Please install the required Python libraries before running the scripts:

```bash
pip install openai tqdm spacy nltk numpy scipy pandas torch transformers sacrebleu unbabel-comet
python -m spacy download en_core_web_sm

```

> **Note:** Most scripts require an OpenAI API key (or compatible endpoint) to function, as GPT-4o/GPT-5.2 is used as a judge for several metrics. Please set your `api_key` in the respective Python files.

---

## 🚀 1. Task Generation

These scripts generate model outputs for the three empathy dimensions.
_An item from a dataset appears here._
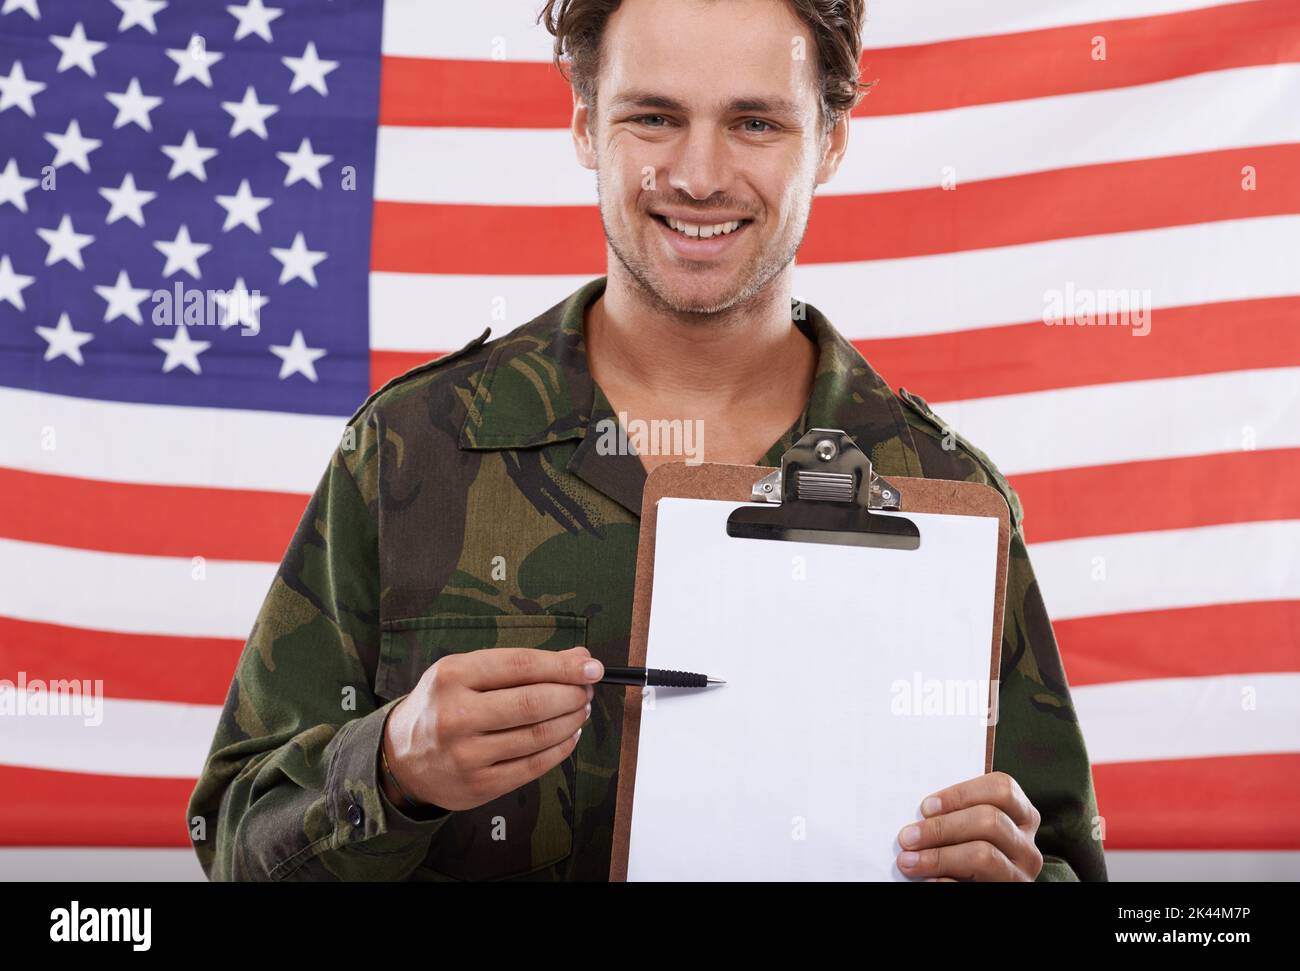 IVE inscrit. Un soldat américain tenant une planchette à pince devant le drapeau de son pays. Banque D'Images

### **Cognitive Empathy: News Generation**

* **File:** `news_generation.py`
* **Description:** Generates full news articles based on high-impact summaries from the **Newsroom** dataset. It tests if the model preserves the informational salience and urgency of the original event.
* **Input:** `./dataset/newsroom.json`
* **Output:** `./result/article_generation.jsonl`

### **Cultural Empathy: Literary Translation**

* **File:** `literary_translation.py`
* **Description:** Performs discourse-level literary translation (Chinese to English) using the **WMT2023** dataset. It tests the model's ability to preserve narrative voice and cultural context.
* **Input:** `./dataset/wmt23.json`
* **Output:** `./result/wmt23_translation_[model]_results.jsonl`

### **Relational Empathy: Psychological Counseling**

* **File:** `pyschological_counseling.py`
* **Description:** Generates therapist-style responses to client narratives (e.g., workplace bullying, relationship betrayal). It tests the model's ability to engage with conflict and valid affect.
* **Input:** `./dataset/data.json`
* **Output:** `./result/[model].jsonl`

---

## 📊 2. Evaluation Metrics

The `metrics/` folder contains scripts to calculate both standard performance metrics and the specific empathy failure mechanisms.

### **A. Empathy Failure Mechanisms**

#### **1. Sentiment Attenuation (SA)**

* **File:** `metrics/SA_score.py`
* **Mechanism:** Measures if the model systematically downscales emotional intensity compared to the reference.
* **Method:** Uses LLM-as-a-judge to score emotional intensity on a scale of 0.0–1.0 for both reference and generation, then calculates the compression rate.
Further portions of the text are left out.